Paulo Freire, seorang filsuf
pendidikan asal Brasil dan penulis buku Pedagogy of the Oppressed,
dikenal sebagai tokoh penting dalam pemikiran pendidikan kritis. Ia memandang
pendidikan bukan sekadar proses transfer pengetahuan, tetapi sebagai upaya
pembebasan manusia dari ketertindasan, baik sosial, politik, maupun
intelektual. Salah satu ungkapannya yang terkenal berbunyi: “Menjadi manusia
berarti menjadi makhluk dalam proses, tidak pernah selesai, selalu menjadi.”
Ungkapan ini menggambarkan pandangan mendalam Freire tentang hakikat manusia
sebagai makhluk yang senantiasa berkembang dan tidak pernah berhenti belajar.
Dalam pandangan Freire, manusia
bukanlah entitas yang statis, melainkan makhluk dinamis yang terus membentuk
dirinya melalui pengalaman, refleksi, dan tindakan. Kalimat “tidak pernah
selesai” menegaskan bahwa manusia selalu berada dalam proses “menjadi” yakni
sebuah perjalanan tanpa akhir menuju pemahaman diri dan dunia. Ia menolak
gagasan bahwa manusia dapat dianggap “jadi” atau “selesai” pada titik tertentu,
karena setiap pengalaman baru selalu membuka ruang untuk pembelajaran dan
perubahan. Dengan demikian, eksistensi manusia bersifat terbuka, terus berevolusi,
dan menuntut kesadaran reflektif atas keberadaannya.
Ungkapan ini juga mencerminkan
inti dari teori pendidikan Freire, yaitu “pendidikan pembebasan” (liberating
education). Dalam proses pendidikan yang sejati, guru dan murid sama-sama
belajar dan tumbuh; tidak ada pihak yang pasif menerima pengetahuan. Proses
“selalu menjadi” menuntut dialog, kesadaran kritis, dan keterlibatan aktif
dalam memahami realitas sosial. Bagi Freire, pendidikan bukanlah pengisian
“wadah kosong”, melainkan proses dialogis yang menumbuhkan manusia menjadi
subjek (bukan objek) dalam kehidupannya sendiri. Inilah mengapa belajar tidak
berhenti di ruang kelas, melainkan berlangsung sepanjang hidup.

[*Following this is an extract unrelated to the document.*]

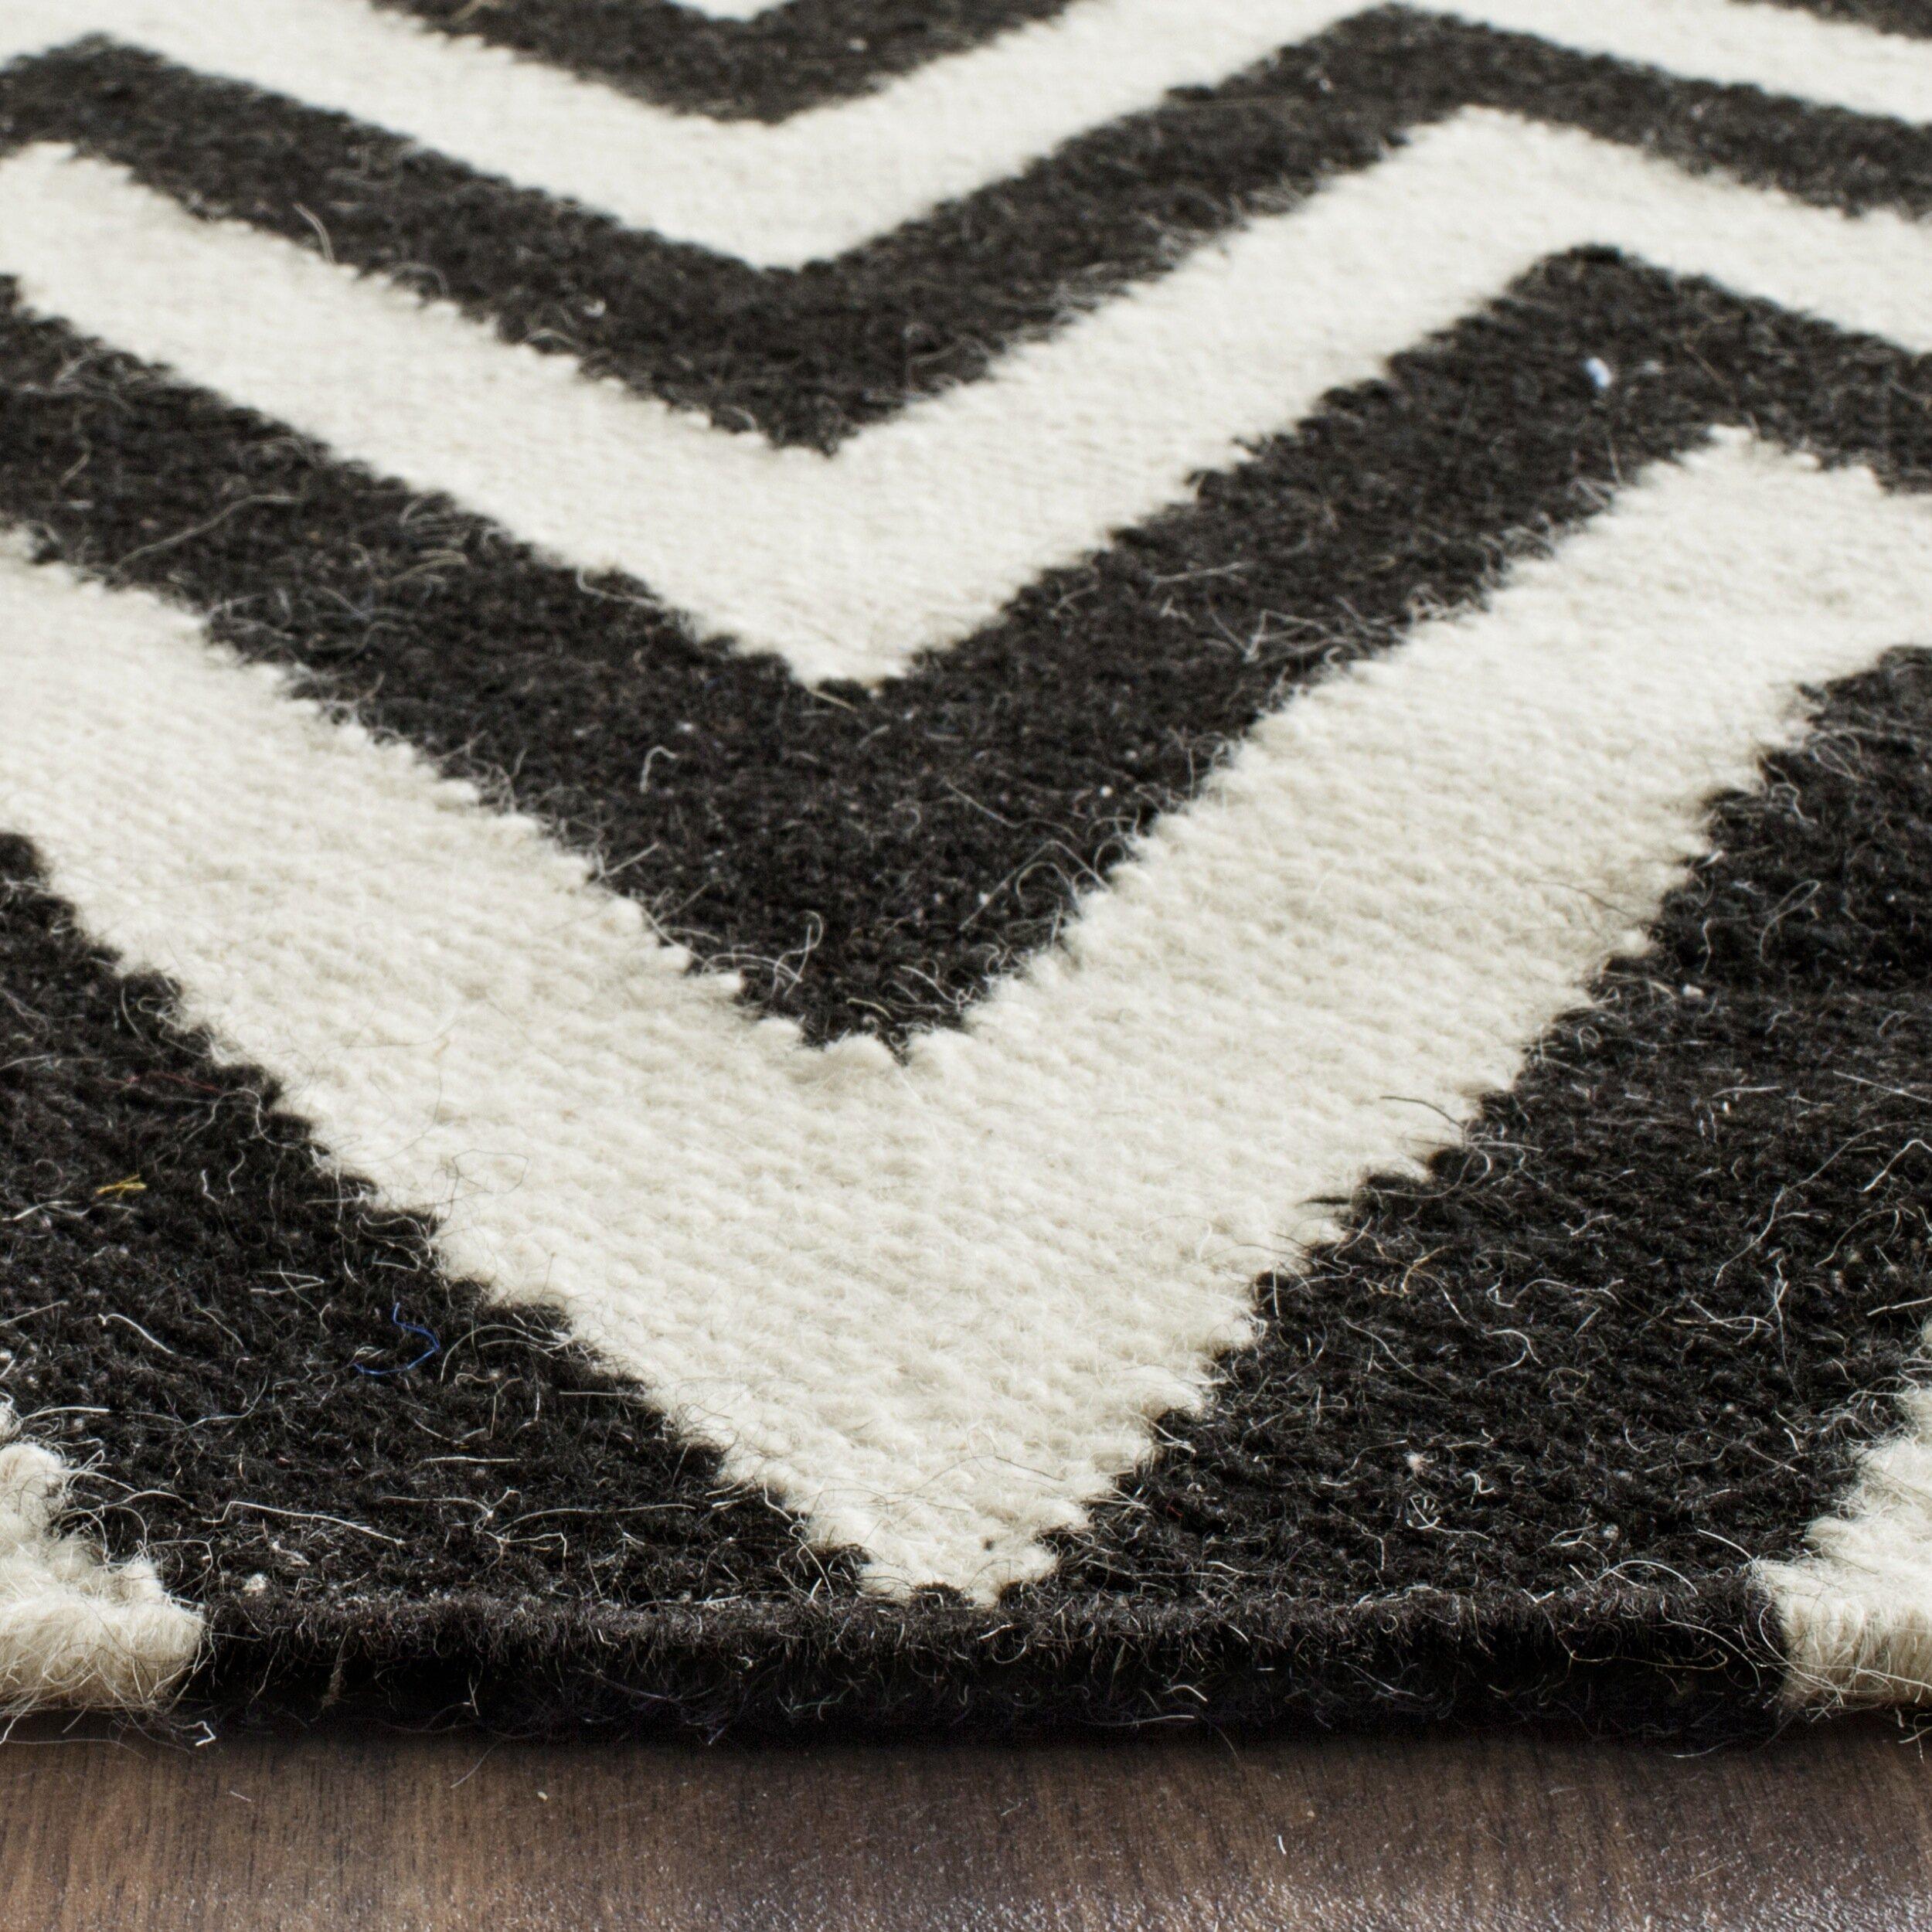 safavieh dhurrie black white area rug reviews wayfair uk. Black Bedroom Furniture Sets. Home Design Ideas

Freire ingin menegaskan bahwa kemanusiaan sejati terletak pada kemampuan manusia untuk terus bertumbuh dan memperbaiki diri. Kesadaran bahwa kita “selalu menjadi” membuat manusia rendah hati terhadap keterbatasannya, tetapi juga optimistis terhadap kemampuannya untuk berubah. Dalam konteks sosial, hal ini berarti manusia harus aktif mengubah kondisi ketidakadilan, bukan sekadar menerimanya. Proses menjadi manusia sejati tidak hanya terjadi dalam ranah intelektual, tetapi juga melalui tindakan sosial yang berkeadilan dan berempati.
Ungkapan Paulo Freire mengandung pesan universal bahwa manusia adalah proyek yang tak pernah selesai. Menjadi manusia berarti terus mencari makna, menumbuhkan kesadaran, dan berpartisipasi dalam perubahan dunia. Proses ini menuntut keterbukaan terhadap pengalaman, refleksi atas kesalahan, dan keberanian untuk terus berkembang. Dengan memahami bahwa kita “selalu menjadi”, kita belajar menerima perjalanan hidup sebagai ruang pembelajaran tanpa akhir, sebuah proses yang menjadikan kita lebih manusiawi dari waktu ke waktu.